2.6 Statistical analysis

All statistical analyses were undertaken in Graphpad Prism (version 7.00). Three samples were used for each analysis. Depending on whether a response was affected by one or two factors, either a one- or two-way ANOVA with a Tukey's post-test was used to evaluate any significant differences. Differences were considered significant when *p < 0.05 and **p < 0.1. All graphs are presented as mean ± standard deviation, with notable significant differences indicated on the graphs or in the legends.

3. Results and Discussion

3.1 Structural characterization of the electropolished samples

Figure 2 shows the grazing incidence X-ray diffraction (GIXRD) results at 5º intervals for electropolished samples that were treated for 4 min and 12 min. It was possible to identify the peaks associated with the substrate Ti α (JCPDS file nº. 44-1294) and Ti β (JCPDS file nº. 44-1288).

Figure 2 Grazing Incidence X-ray Diffraction (GIXRD) results (incidence angle from 5º) of the electropolished systems, treated for 4 min and 12 min. 

The GIXRD results showed that it was not possible to identify titanium oxide peaks, regardless of the electrochemical treatment (4 min or 12 min). Although there was oxide formation on the surface, it was not detected, probably due to its minimal thickness. Larsson et al.50 identified oxide films with thicknesses of <5 nm on electropolished titanium, and recommended the use of either Auger Electron Spectroscopy or XPS analyses to identify these oxides.

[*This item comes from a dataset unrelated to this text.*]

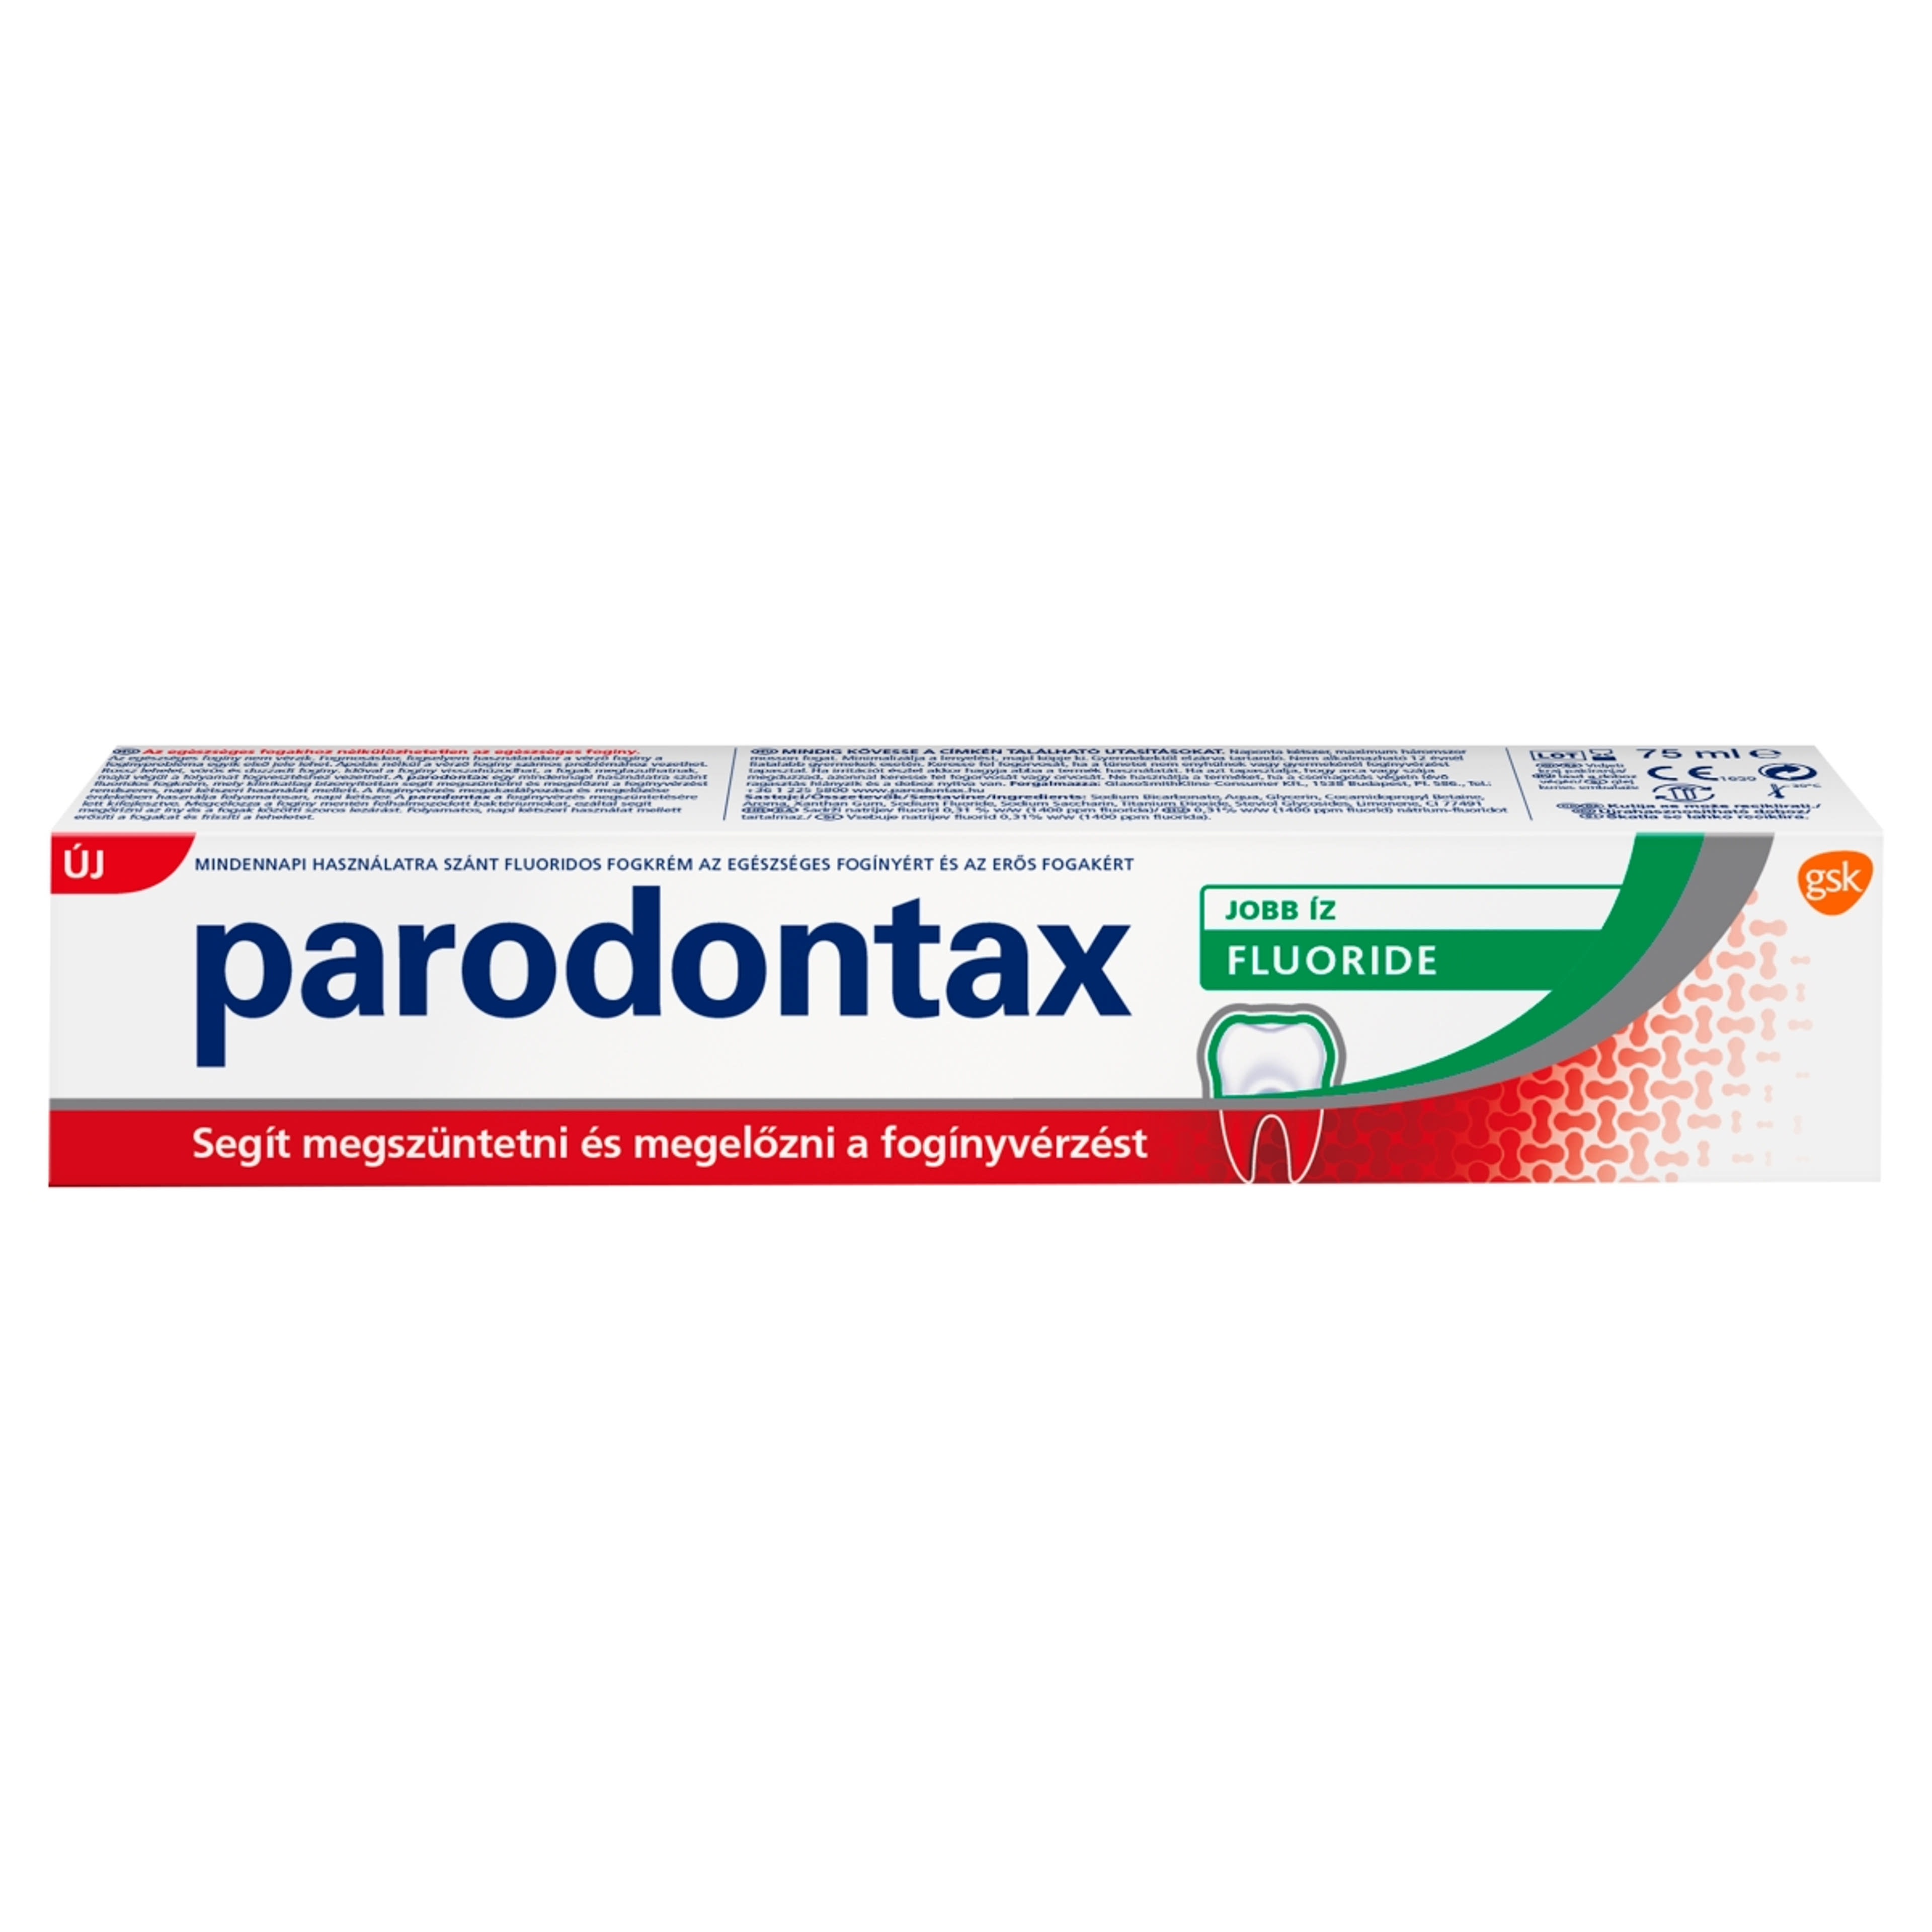 Parodontax Flouride fogkrém - 75 ml

According to another work of our research group realized by Antonini et al.51 it is possible to identified the presence of oxide on the electropolished samples from the XPS analysis, where it was possible to identify oxygen (O1s) on the surface of samples from both of the electropolished systems (4 min and 12 min) at 25 V and 7ºC. This indicates that oxide formation occurred during both electrochemical treatments. The XPS results showed by Antonini et al.51, in addition to the TiO2 identified on the electroplated surfaces, evidenced the presence of hydroxide functional groups bound to titanium (TiOH).

3.2 Morphology and wettability

Figure 3 presents the nanometric morphology of the samples obtained by AFM. In Figure 3a is showed an 2D AFM image of the mechanically polished sample, it is possible to observe a surface with irregular morphology; as result of the mechanical preparation. However, the electropolished samples that were treated for 4 min possess a nanostructured surface (Figure 3b), while the electropolished samples that were treated for 12 min possess both, a nanostructured surface and a morphology that is typically associated with oxide formation (Figure 3c). The nanostructures formed because of an anodic dissolution process, which is more intense compared to the oxide formation.

Figure 3 Atomic force microscopic 2D images of the samples used to grow hESCs-MP in non-osteogenic media. (a) Mechanically polished sample; (b) Electropolished sample that was treated for 4 min; and (c) Electropolished sample that was treated for 12 min. 

Figure 4 shows the transient of the current density, with a stable transient of the current density observed after 9 min of electrochemical treatment, indicating that the oxide formation on the surface contributes to the decreasing current density as a consequence of the impedance increment. It can thus be seen that the transient of the current density for the samples that were treated for 4 min did not stabilize, whereas the samples that were treated for 12 min maintained a stable transient of the current density for the final 3 min of the electrochemical treatment. Furthermore, it is possible to observe an important anodic dissolution of the electropolished samples that were treated for 4 min (Figure 3b). However, regions of intense oxide formation are observed for the electropolished samples that were treated for 12 min (Figure 3c). The oxide formation may be identified by regions where the nanostructures are not well defined and ordered (i.e., the nanostructures are hidden by the oxide).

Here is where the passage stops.